Structure and evolution of gene regulatory networks in microbial genomes

Abstract

With the availability of genome sequences for hundreds of microbial genomes, it has become possible to address several questions from a comparative perspective to understand the structure and function of regulatory systems, at least in model organisms. Recent studies have focused on topological properties and the evolution of regulatory networks and their components. Our understanding of natural networks is paving the way to embedding synthetic regulatory systems into organisms, allowing us to expand the natural diversity of living systems to an extent we had never before anticipated.

Fig. 1

Genomic view of a gene regulatory network. Transcriptional regulation from a genomic perspective can be viewed as a complex interplay between cis-regulatory elements on the DNA and trans-acting factors like TFs and sigma factors. Depending on the set of input signals (extracellular or intracellular in nature), upon a cascade of events, transcription factors positively or negatively control transcription of the target gene. Often, transcription factors work in a combinatorial fashion to produce the final output. Protein products formed after transcription and translation of the gene regions are responsible for various cellular functions and ultimately feedback transcription factors at several levels to control their own transcription.

Fig. 2

Network view of transcription regulation.
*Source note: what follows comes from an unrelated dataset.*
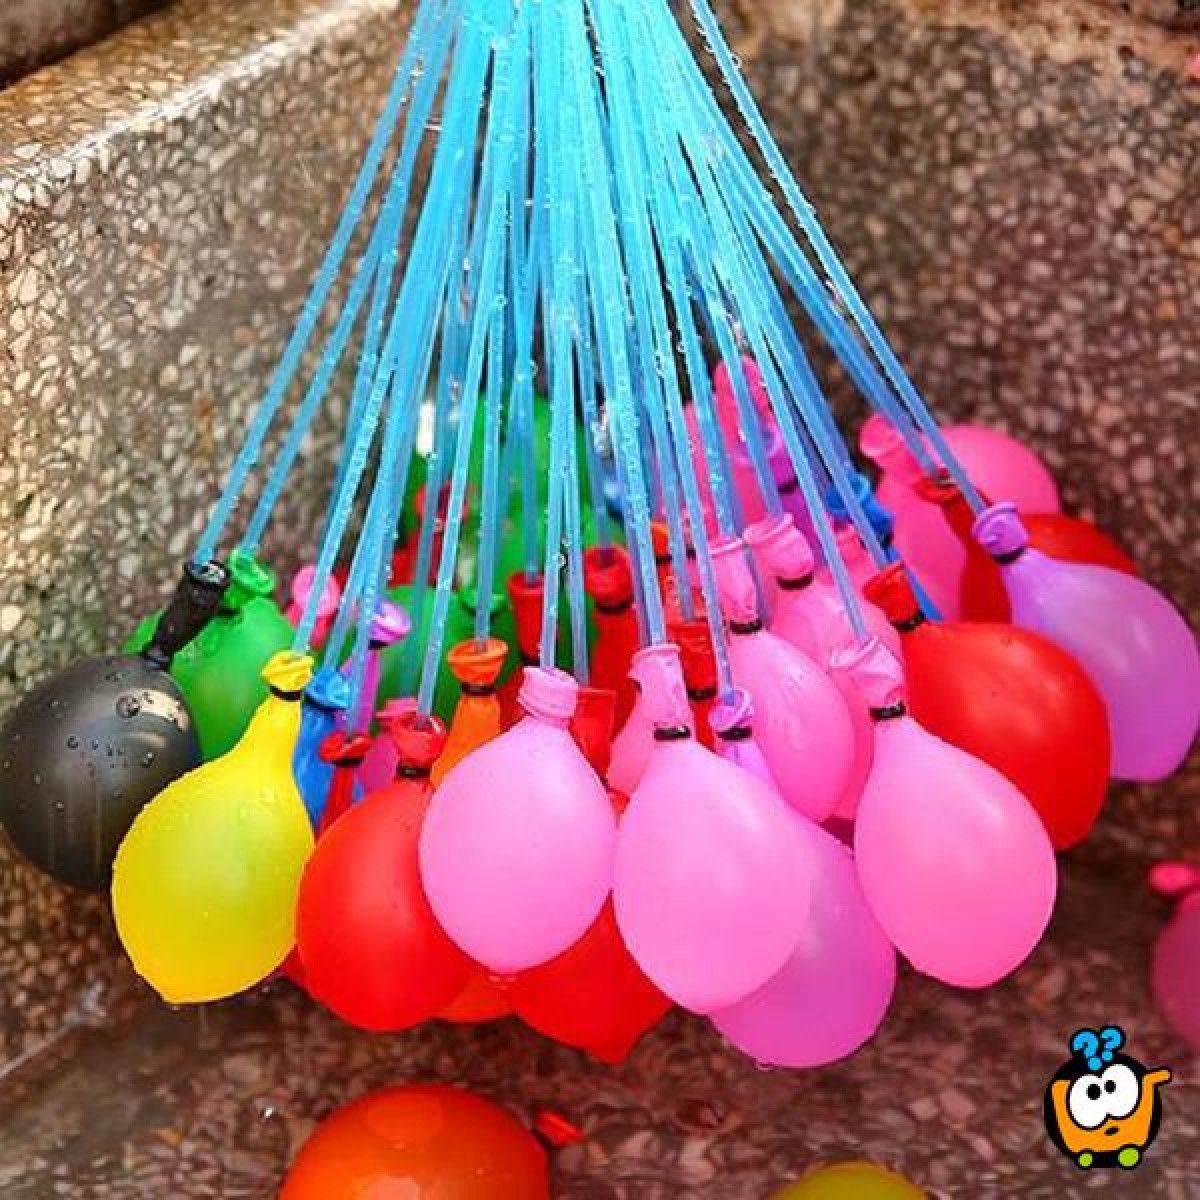 Как залить воду в шарики воздушные. Водяные шарики бомбочки. Маленькие воздушные шарики. Водяные бомбочки из шариков. Декор с воздушными шариками для воды.

Transcriptional regulatory interactions at a genomic level can be visualized as a network between TFs (shown in red) and target genes (shown in green). a) The transcriptional regulatory network is a multi-layer hierarchical modular structure without feedback regulation at the transcription level [38; 68], with the global regulators at the top of this layout and local TFs at the bottom, regulating a few genes. b) Modules are interconnected clusters which divide the network of transcriptional interactions into subnetworks. Modules have been identified using a variety of approaches [17; 38; 57] and have been found to be semi-independent in nature. Modules are in turn formed by one or more different types of network motifs. c) Motifs are patterns of interconnections which are overrepresented in transcriptional networks. Known transcriptional regulatory networks were found to have feed forward loops (FFLs), multiple input modules (MIMs) and SIMs, with each kind of motif playing a different role [1].

Fig. 3

Different subtypes of feed forward loop motifs. Directed arrow represents positive regulation and is shown in green, while negative transcriptional control is shown in red.